Without the images, print every line of the material below exactly as given.

Recorded data =>
========

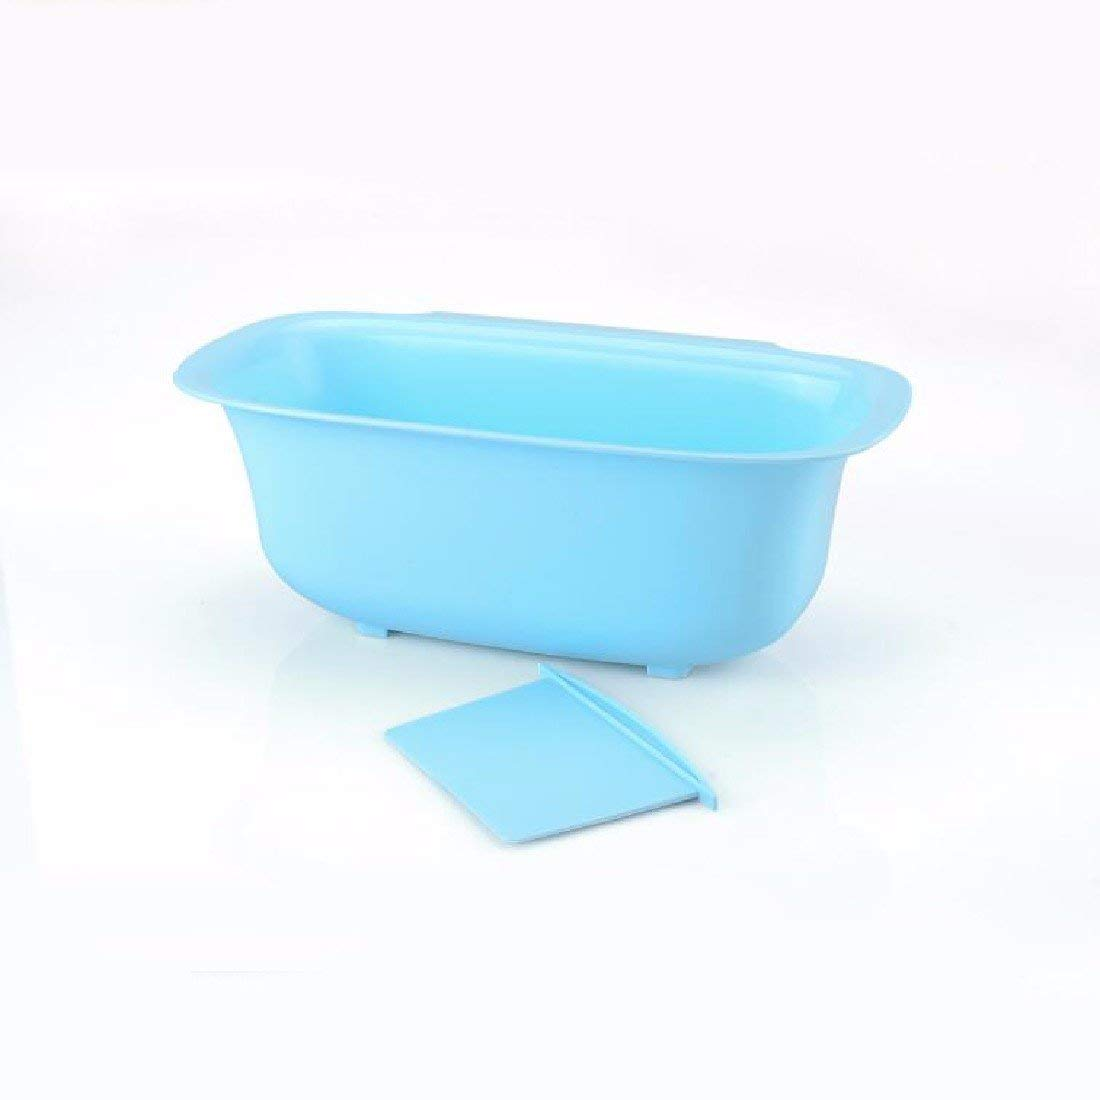 HQLCX-Rubbish Bin Rubbish Bin Kitchen Trash Bin Cabinet Door Hanging Sundry Bucket Creative Desktop Plastic Trash Can 3,Blue
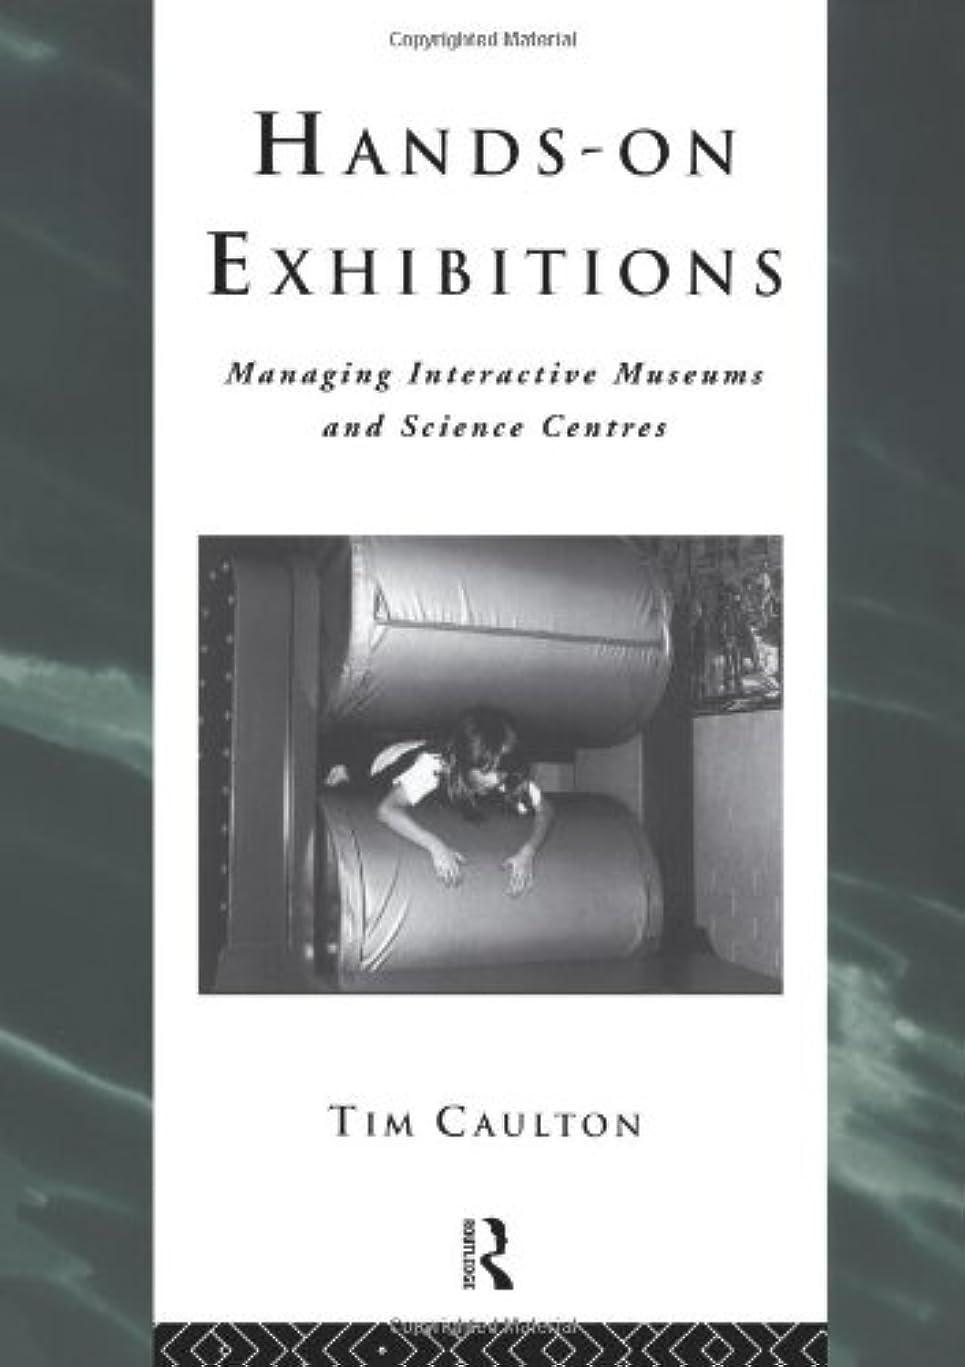 空衣服チャーターHands-On Exhibitions: Managing Interactive Museums and Science Centres (Heritage: Care-Preservation-Management)
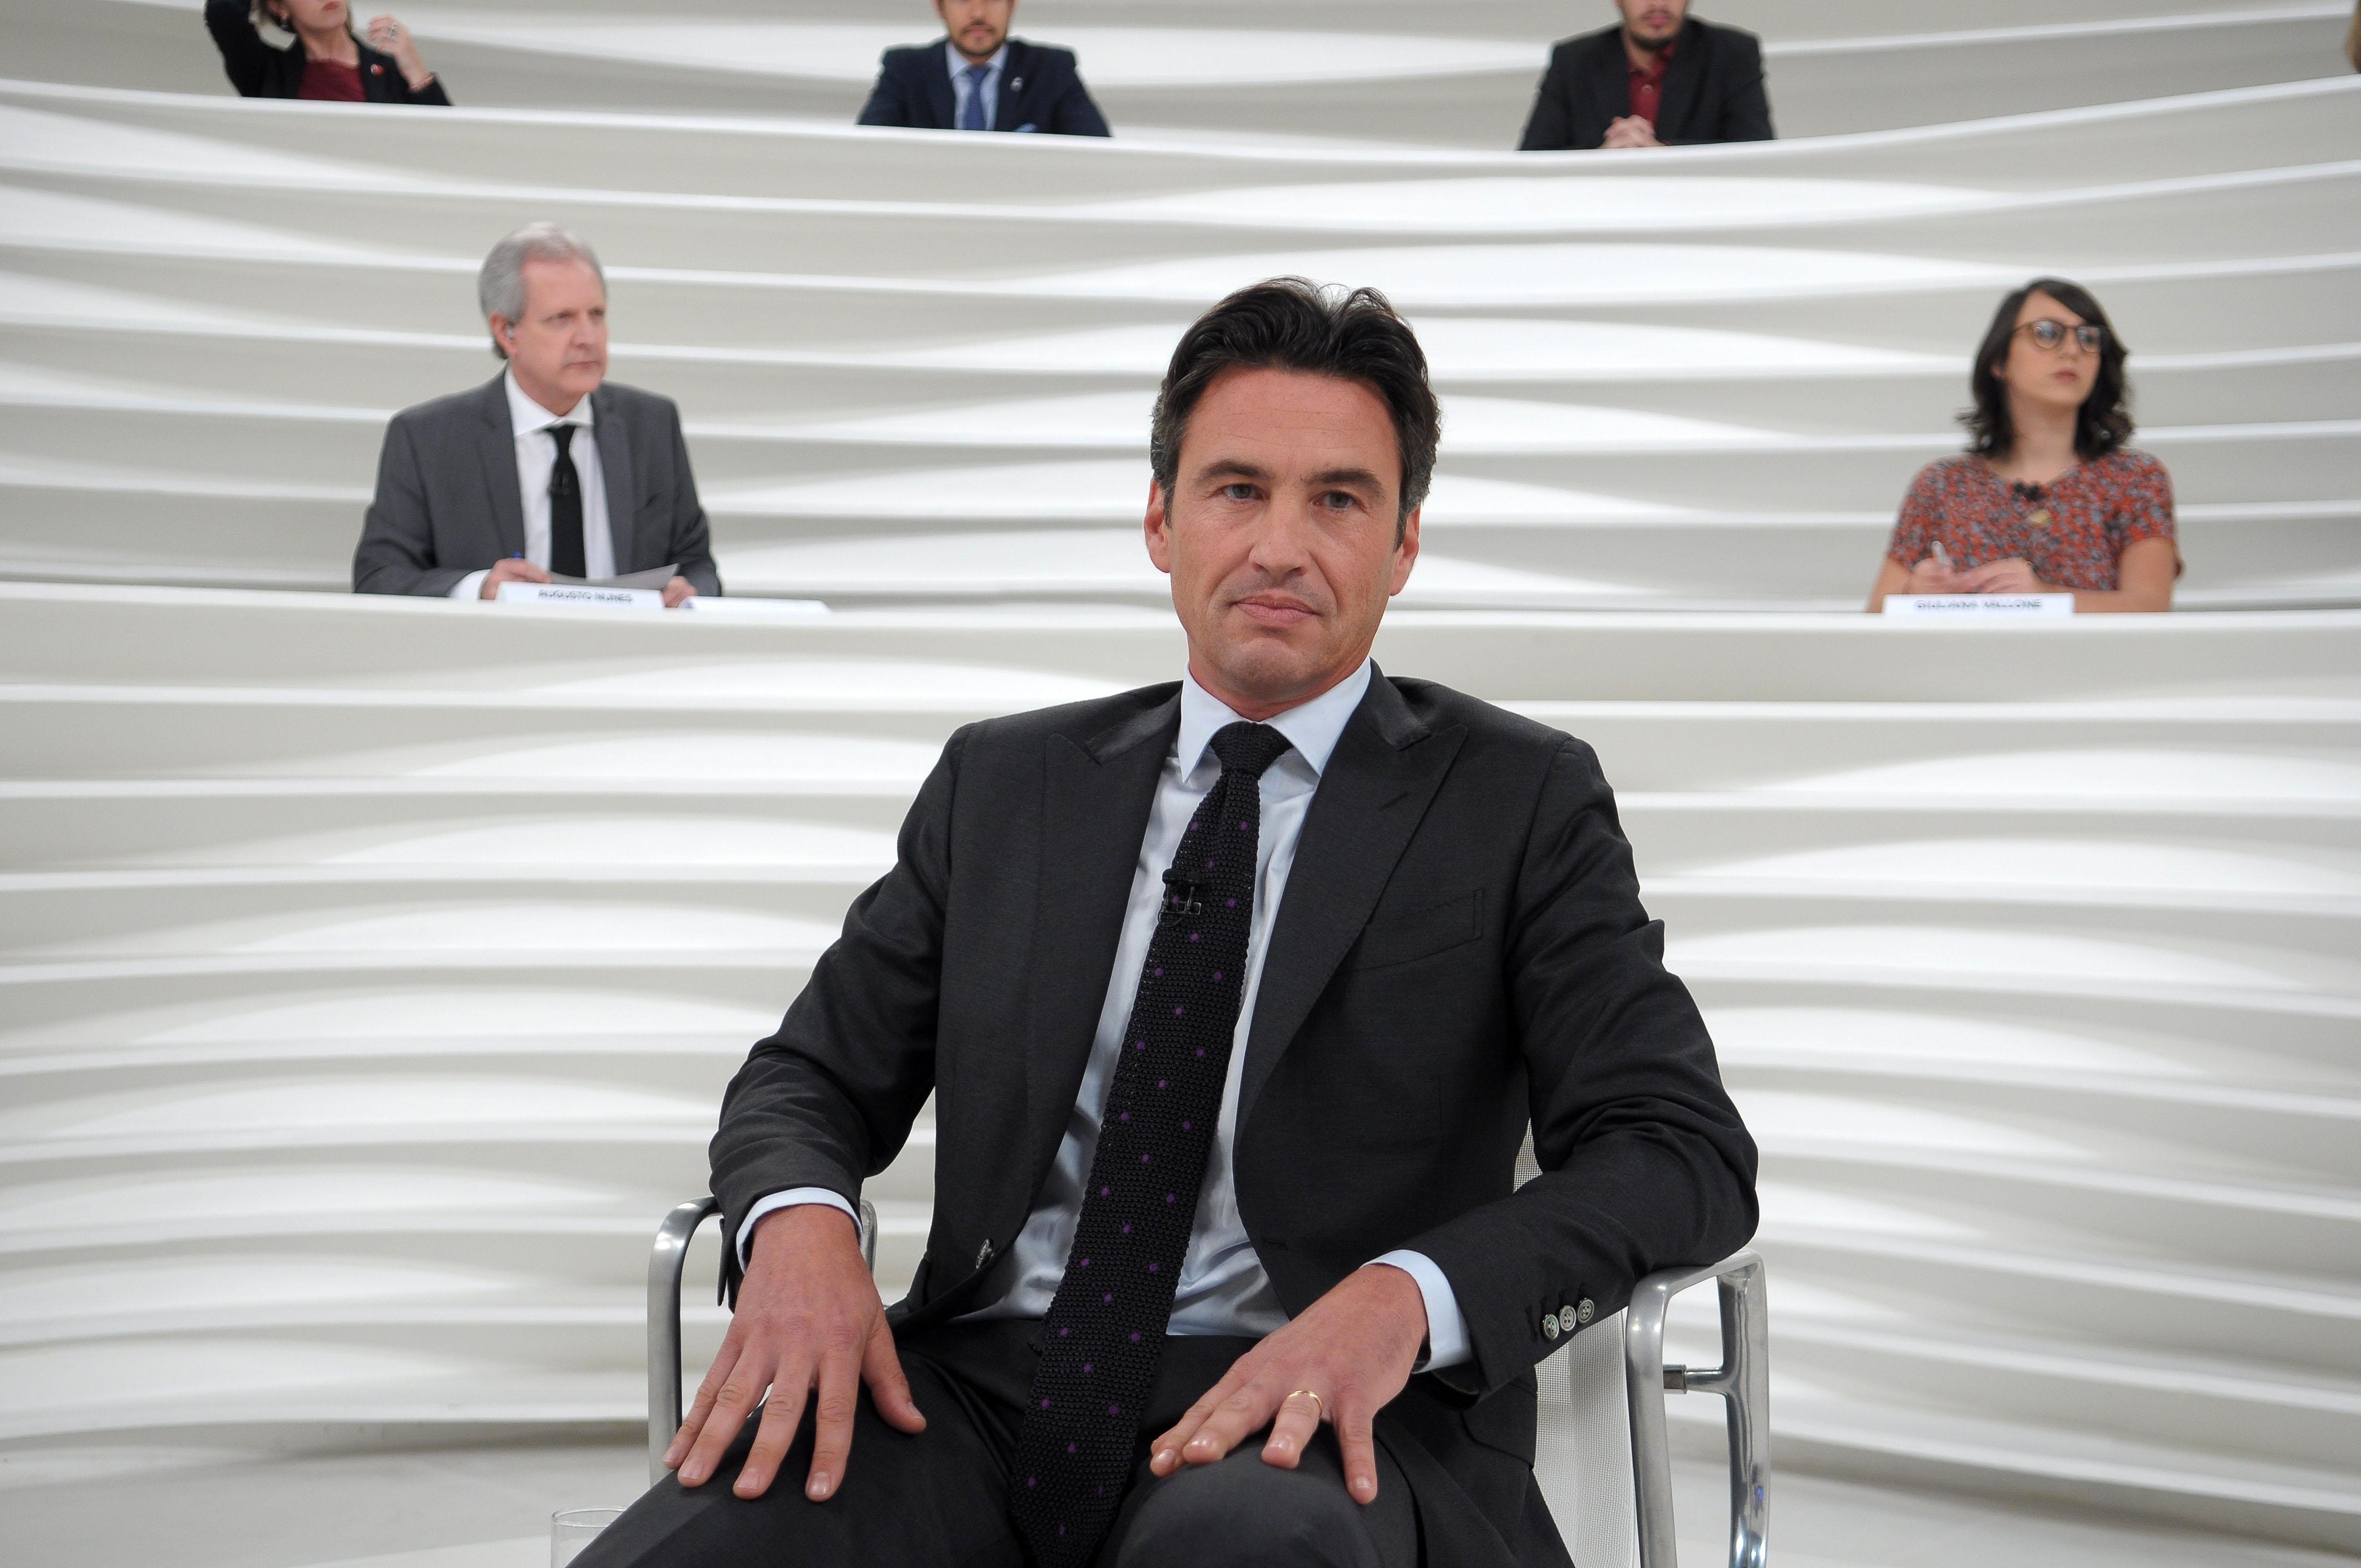 Damien Loras fala dos atentados terroristas em território francês, entre outros assuntos, no programa desta quinta-feira (11/8), às 23h30, na TV Cultura

========

Response box =>
 HQLCX-Rubbish Bin Rubbish Bin Kitchen Trash Bin Cabinet Door Hanging Sundry Bucket Creative Desktop Plastic Trash Can 3,Blue
 空衣服チャーターHands-On Exhibitions: Managing Interactive Museums and Science Centres (Heritage: Care-Preservation-Management)
 Damien Loras fala dos atentados terroristas em território francês, entre outros assuntos, no programa desta quinta-feira (11/8), às 23h30, na TV Cultura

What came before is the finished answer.